L’impatto sociale è un punto cardine di Caffè Galeotto: avete per caso anche contatti diretti con i farmer in origine?
“Per il verde importiamo attraverso Alkaff, crudisti a cui ci rivolgiamo. A volte alterniamo la collaborazione con altri fornitori, ma ormai loro sono i nostri punti di riferimento, perché rispettano i controlli stretti che noi stessi dobbiamo superare. Attualmente abbiamo come Arabica un Brasile, Honduras, Colombia, mentre come Robusta due tipi di Indiani, dal Cameron e dall’Uganda e raramente abbiamo anche un vietnamita. “
Che caffè tostate e in che modo li trattate?
“Dipende dalla miscela, da ciò che utilizziamo, dal tipo di clientela di riferimento. Le nostre miscele non sono tostate troppo scure: nel Lazio il caffè non piace tostato eccessivamente. Anche perché una volta imbustato rilascia sostanze oleose e non va bene. Il nostro è mediamente scuro. Abbiamo miscele che oscillano dai 9 ai 14 e 50 al chilo. Il decaffeinato dai 16 ai 18. “
Sono tanti poi i ragazzi che continuano su questa strada perché appassionati della materia prima?
“Certo. Questa è la nostra soddisfazione più grande. Quando parlo di recidiva pari a zero è proprio perché nessuno rientra in carcere dopo aver fatto questo percorso insieme a noi.
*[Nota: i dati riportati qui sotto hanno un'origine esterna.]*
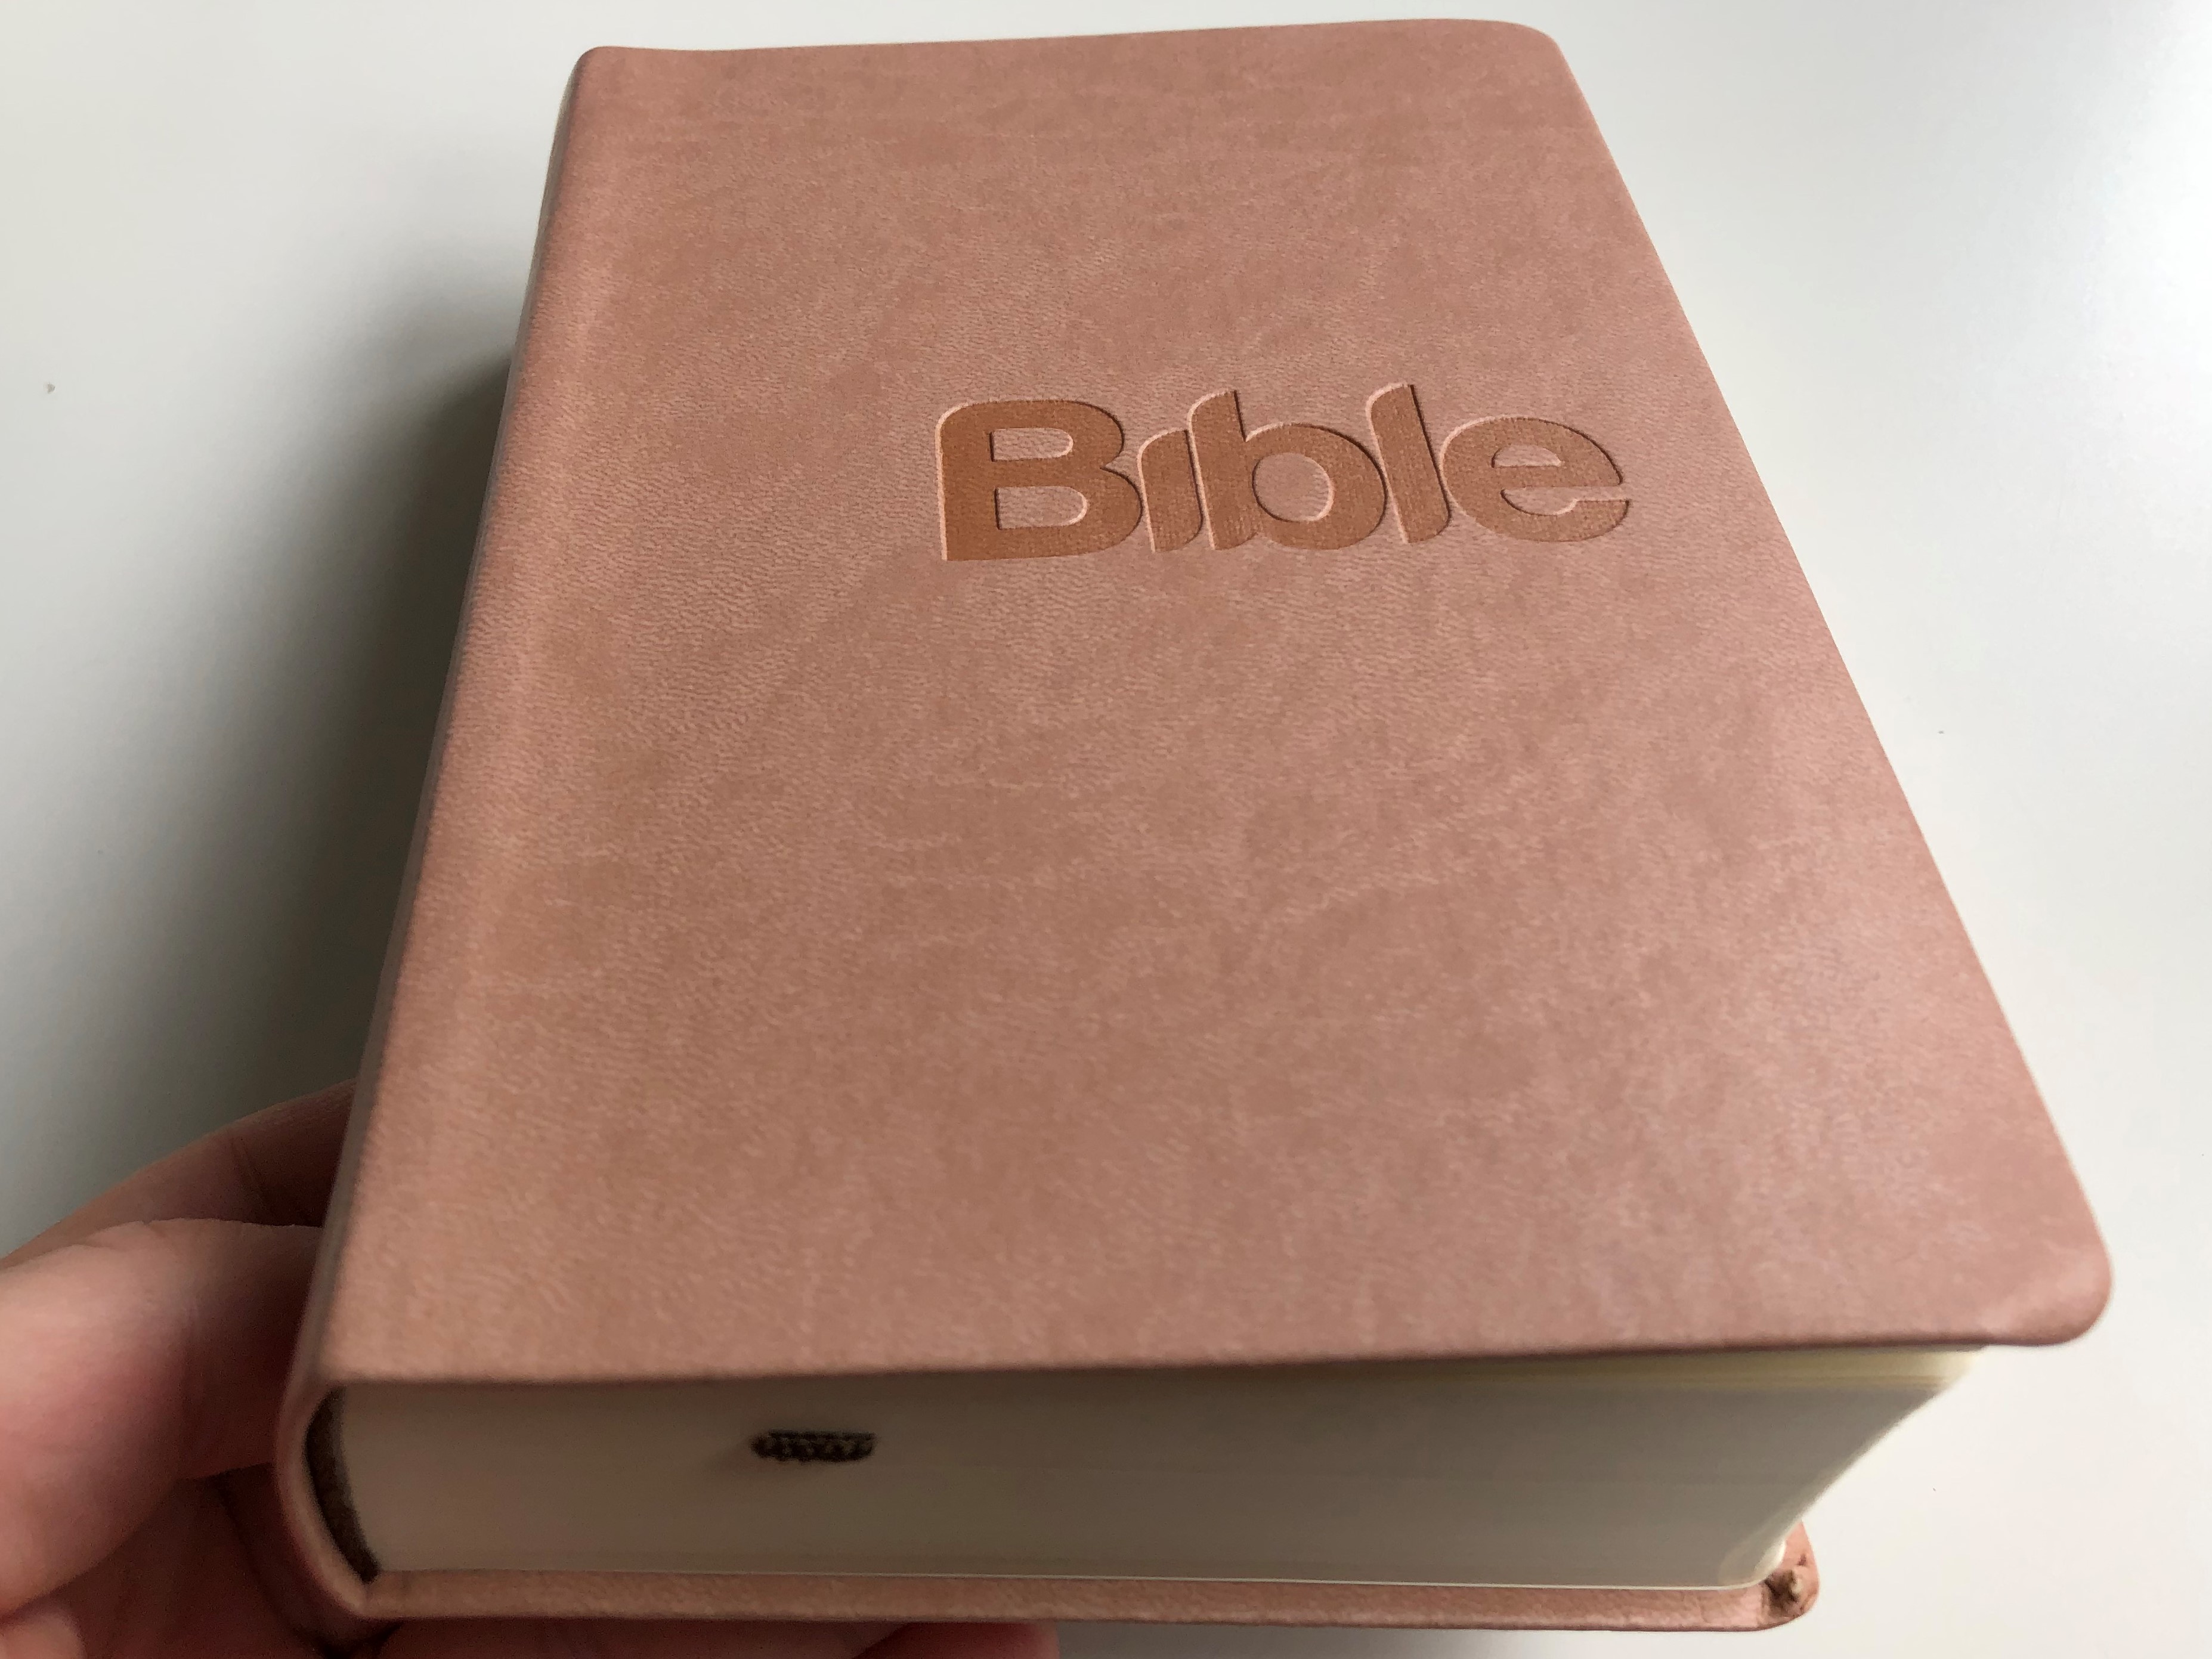 czech-language-bible-21st-century-translation-skin-tone-imitation-leather-cover-2.jpg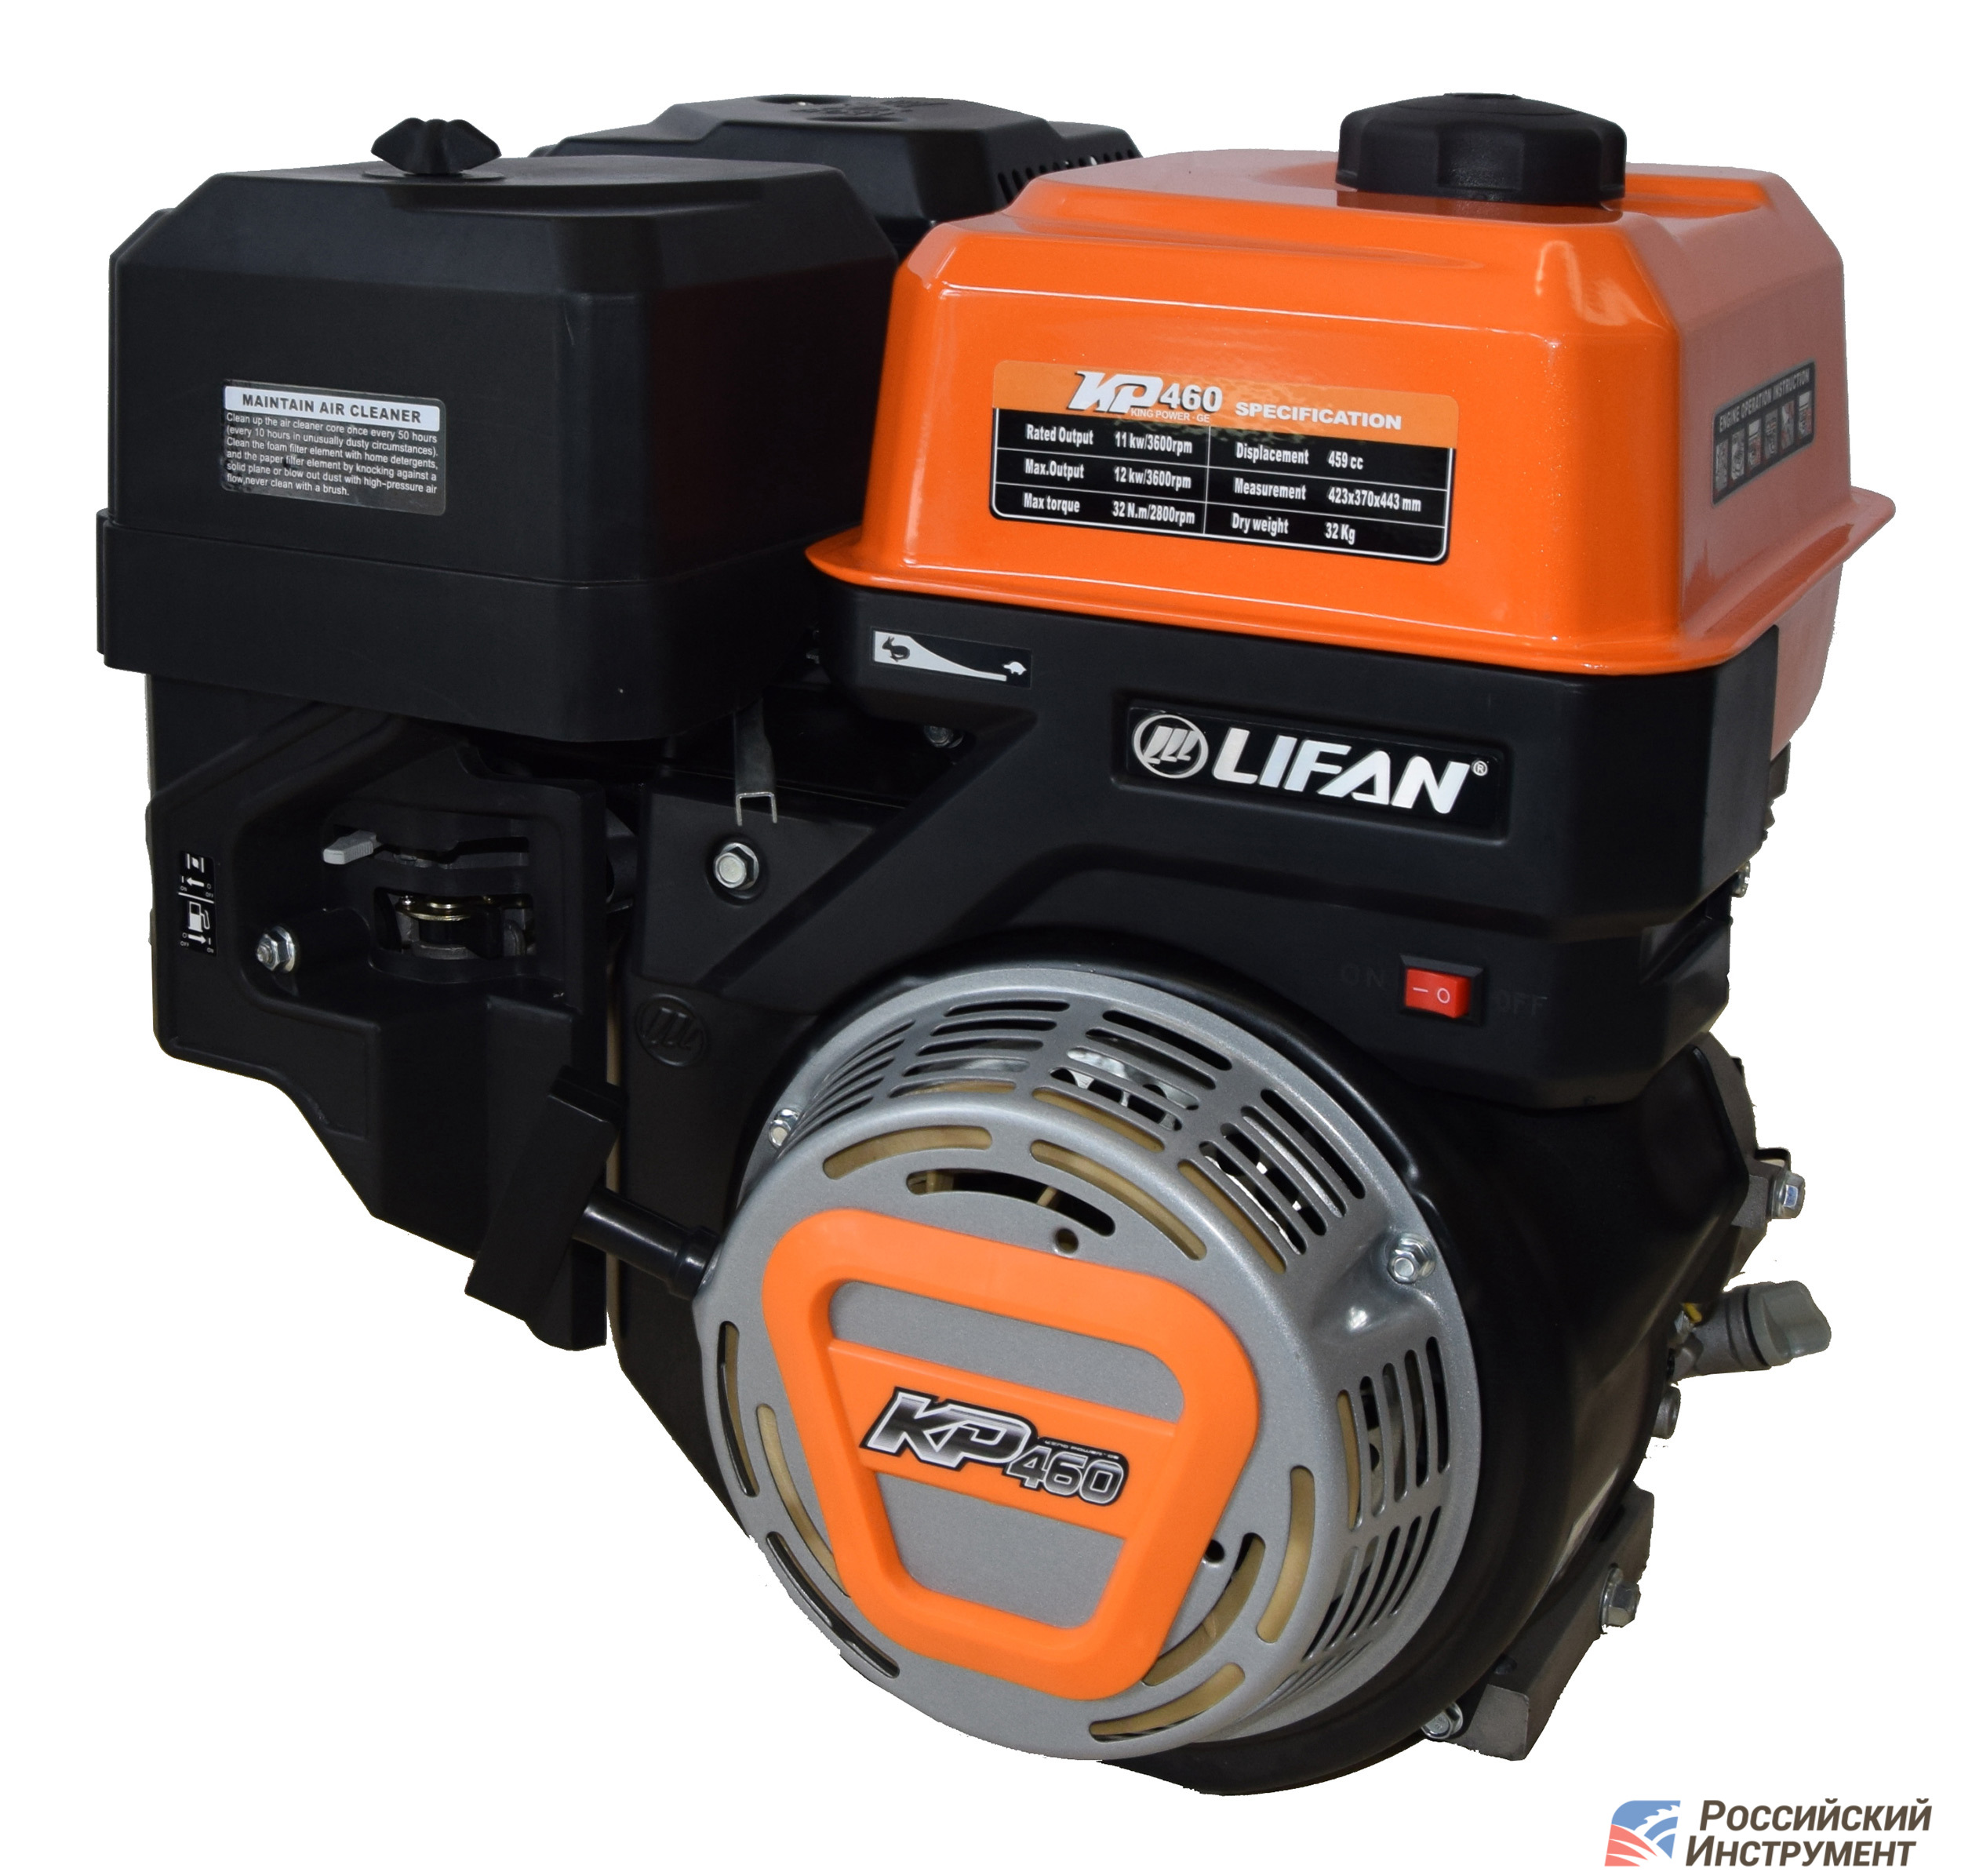 Двигатель лифан 20 л с цена купить. Двигатель Lifan 192f-2. Двигатель Lifan kp460e. Двигатель бензиновый Lifan kp460 (192f-2t) 20 л.с., вал 25 мм стартирам. Двигатель Lifan kp460 192f-2t.

Una volta acquisita la professione si rendono conto di poter vivere dignitosamente senza ledere la loro libertà. Noi scegliamo persone che sono finite lì per un errore, per disperazione, per mancanza di opportunità e per esser cresciuti in contesti di disagio: a loro offriamo una prospettiva differente. Tutto sta nel trovare chi vuole investire con noi
energie, tempo e risorse per cambiare vita.”
Progetti futuri sul Caffè Galeotto?
“Attualmente, per quanto riguarda le capsule e le cialde compatibili e il vending, non avendo i macchinari di proprietà, ci rivolgiamo per cialdare e incapsulare a terzi. Il prossimo investimento sarà quello di portare all’interno del carcere l’attrezzatura, per far acquisire le competenze di gestione delle incapsulatrici che trasformano i grani in capsule e cialde. Sono molto complessi e costosi, è necessario tararle adeguatamente: chi ci venderà le macchine, oltre all’installazione si occuperà anche di fare formazione al personale tutti i giorni per diverso tempo e trasmettere così il loro know-how.”
Conclude Pellegrini: “Quelli come Caffè Galeotto, sono progetti importanti per la società, che nel momento in cui è più sicura porta benefici per tutti. Noi portiamo avanti il progetto con convinzione e abbiamo fatto un buon lavoro sin qui, dimostrato dall’assenza di ritorno al crimine. È chiaro che per far funzionare iniziative di questo genere bisogna remare nella stessa direzione con le istituzioni: avere per esempio un direttore di carcere dalla mentalità chiusa, non renderebbe possibile realizzare questi piani. Nel complesso di Rebibbia, la direttrice Santoro invece si è sempre dimostrata particolarmente ricettiva e favorevole: questo ha giovato all’efficienza di Caffè Galeotto.”